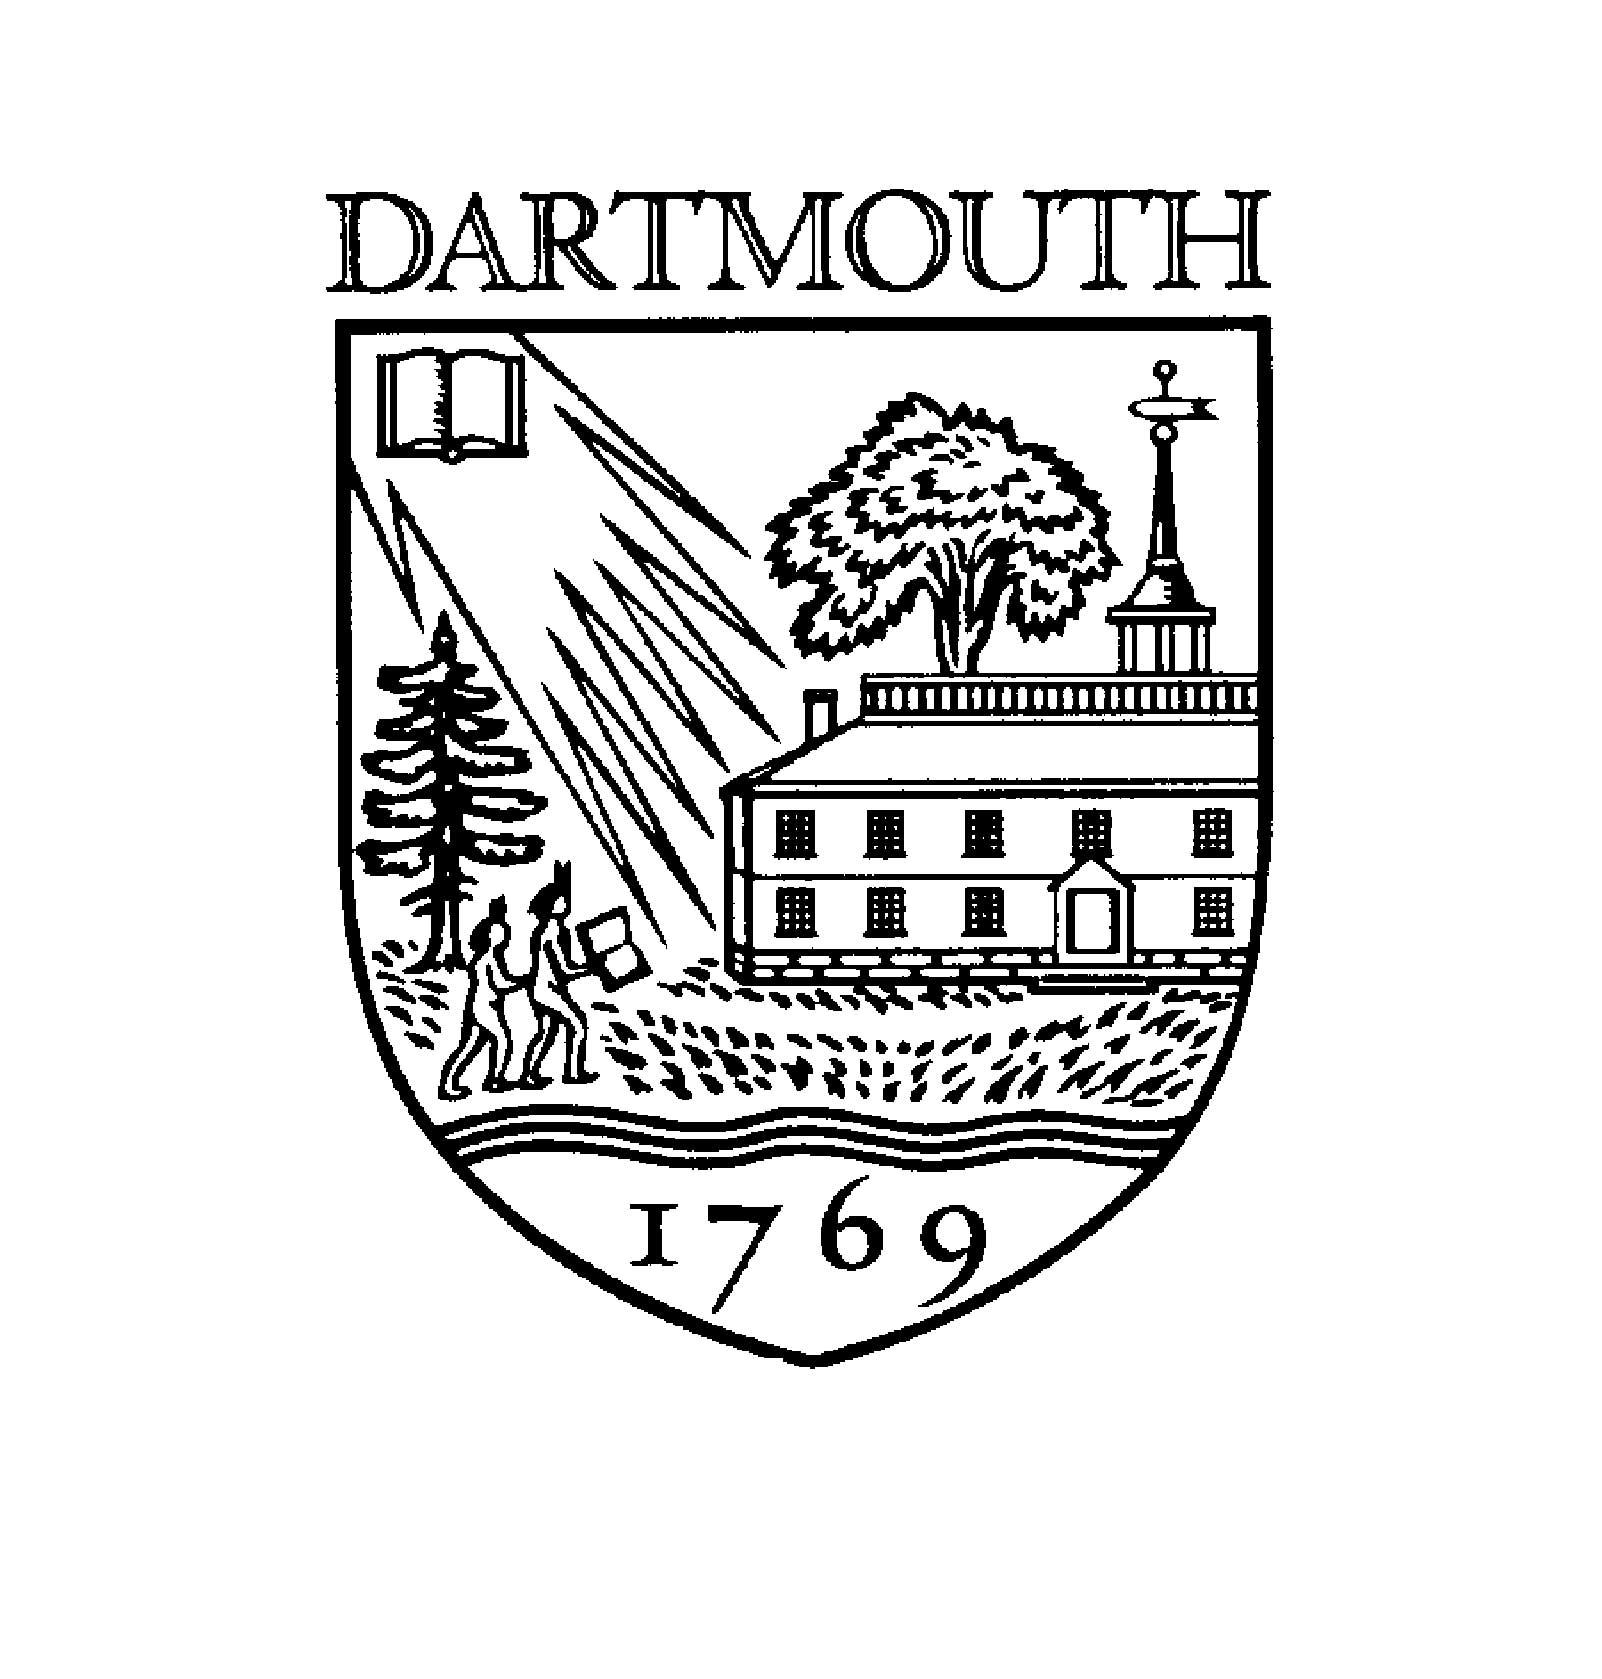 The Tuck-Dartmouth Initiative
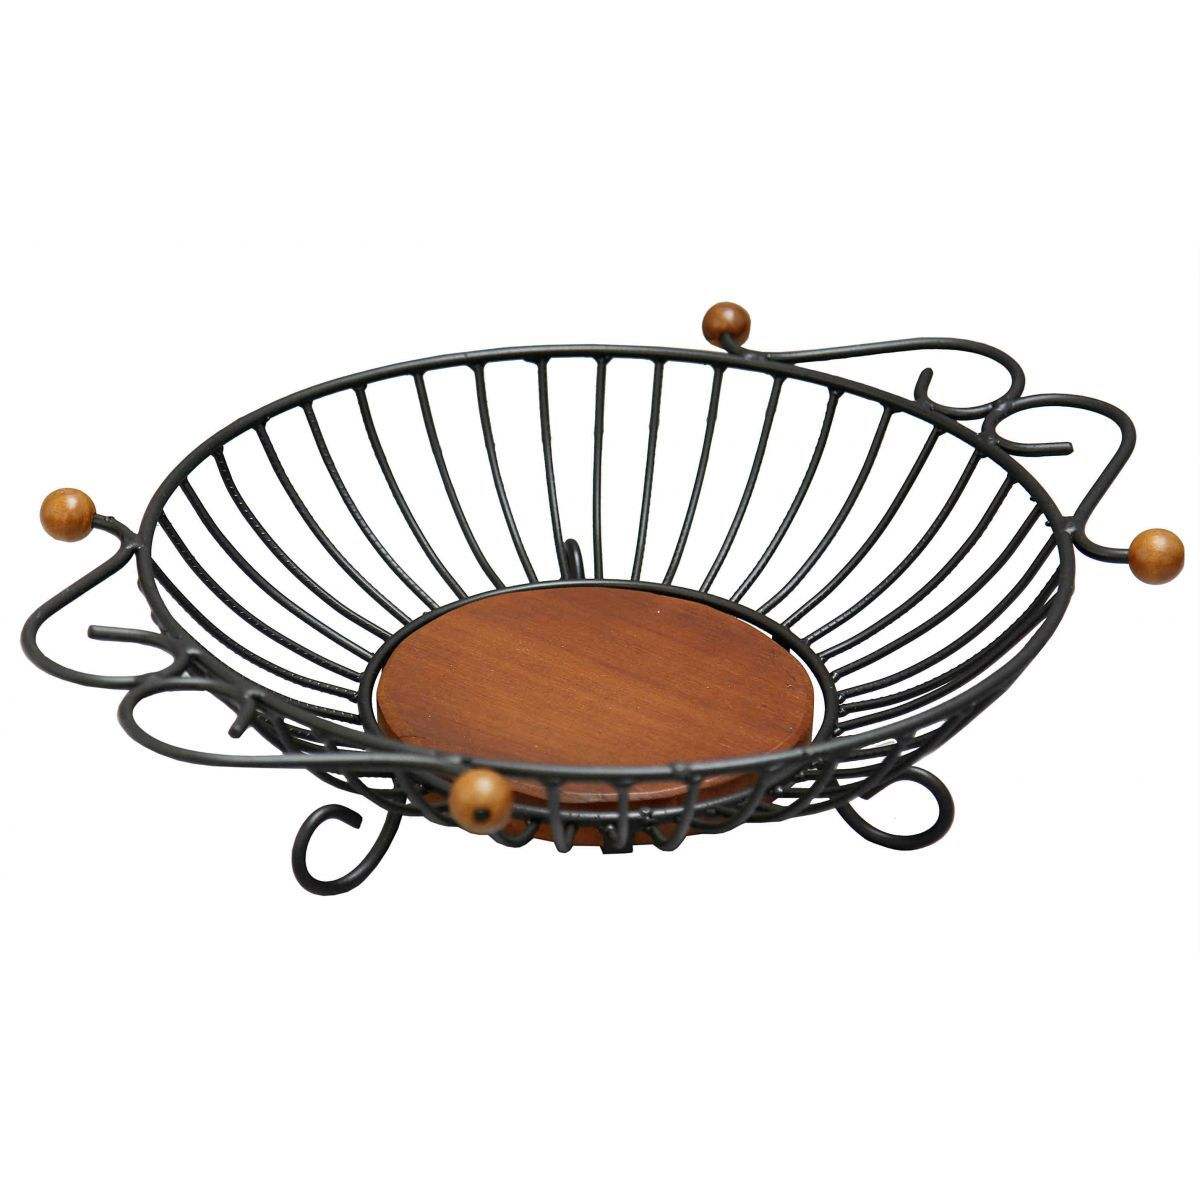 Fruteira de Mesa Redonda Artesanal em Ferro e Madeira Rústica Decorativa
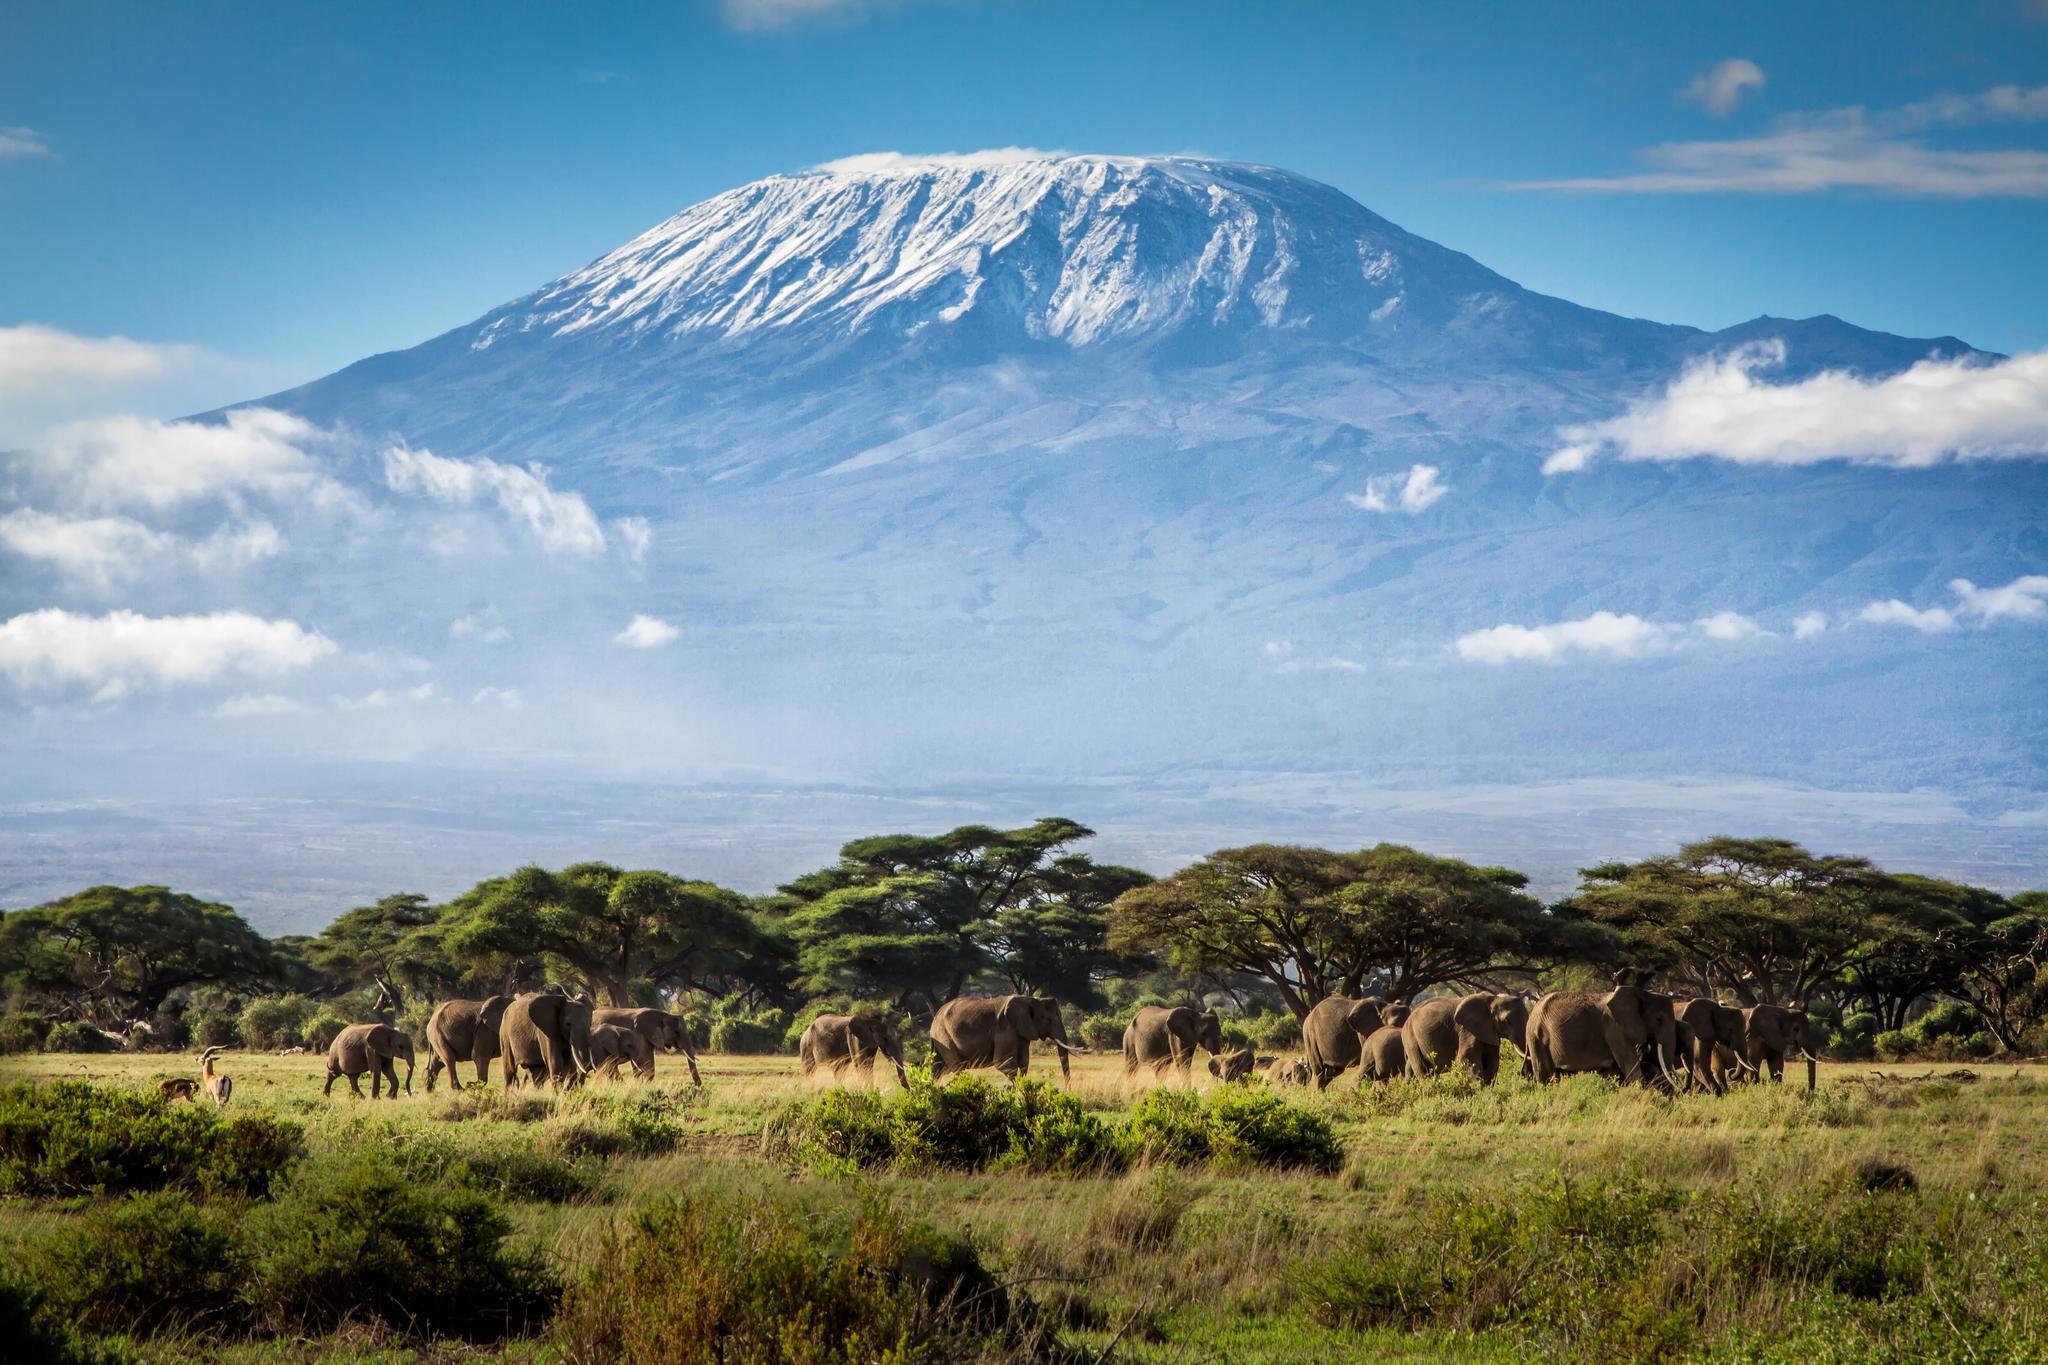 Átültetett tüdővel mászta meg a Kilimandzsárót két magyar
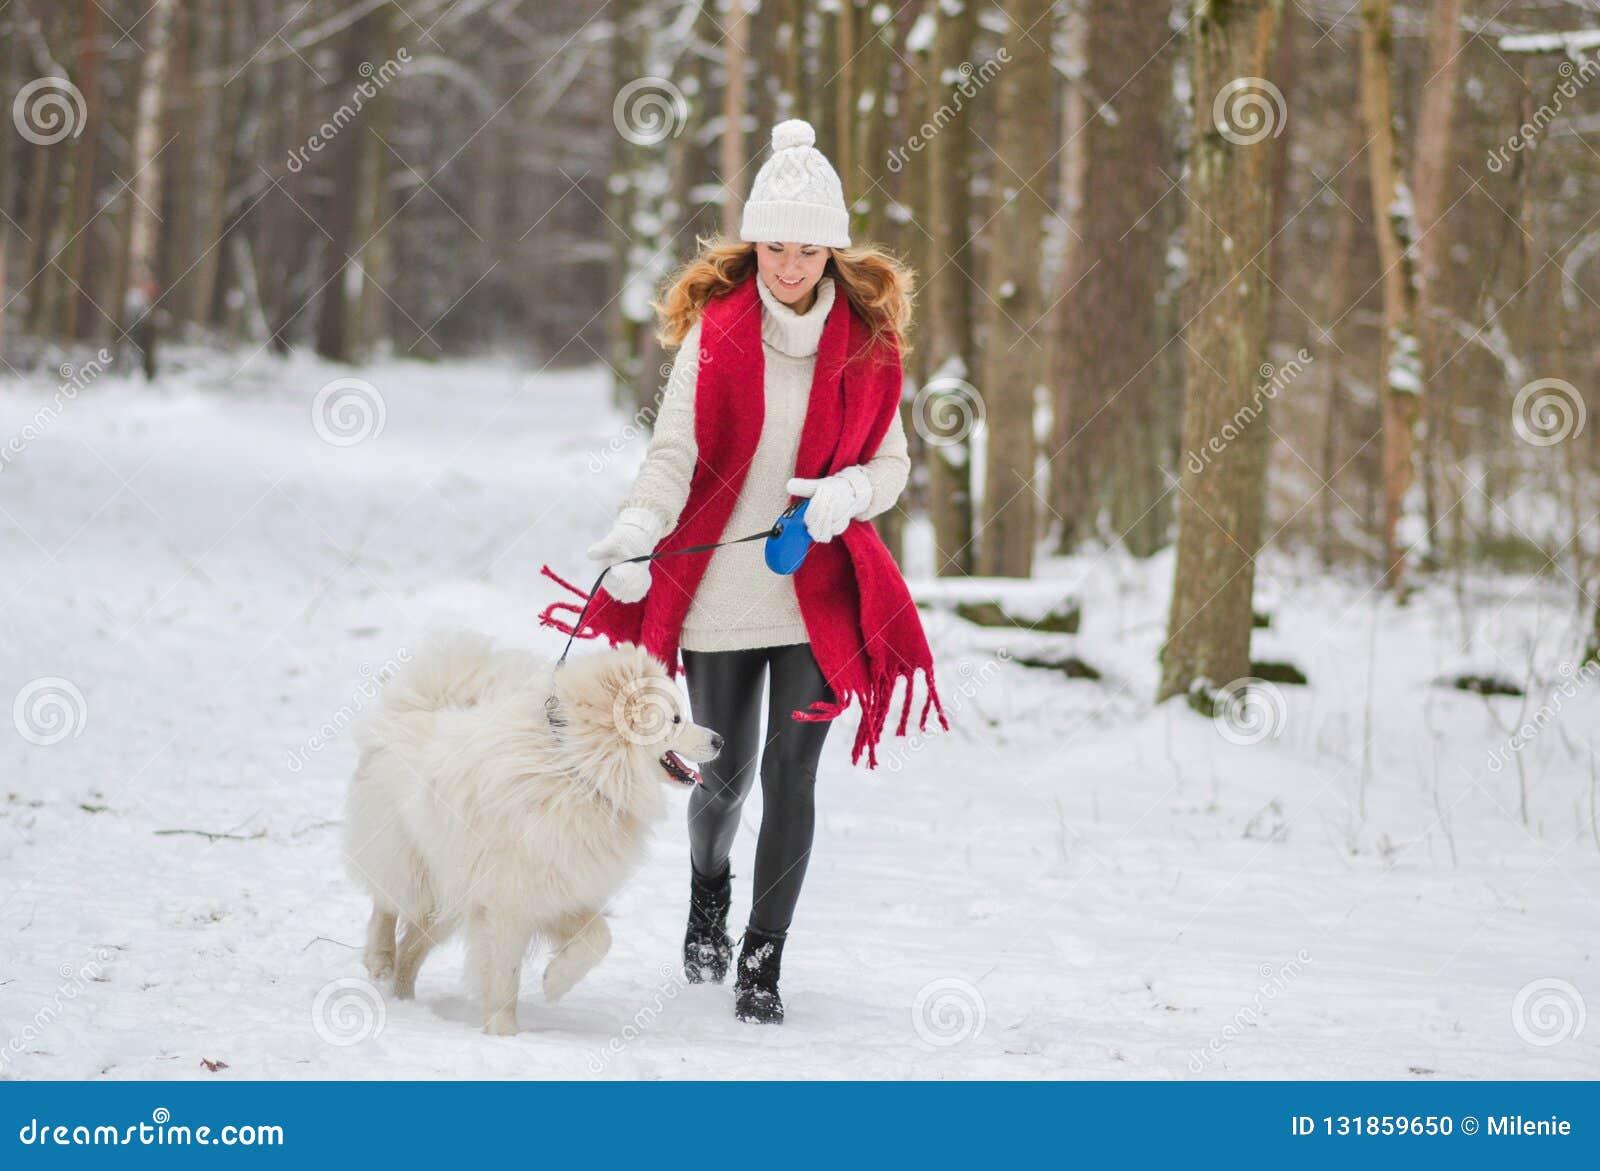 Jovem mulher bonita no inverno nevado Forest Park Walking Playing com seu cão
────────
Would you print all of the material exactly as written, minus the pictures?

● ANSWER FOR THIS EXERCISE
 The Tuck-Dartmouth Initiative
 Fruteira de Mesa Redonda Artesanal em Ferro e Madeira Rústica Decorativa
 Átültetett tüdővel mászta meg a Kilimandzsárót két magyar
 Jovem mulher bonita no inverno nevado Forest Park Walking Playing com seu cão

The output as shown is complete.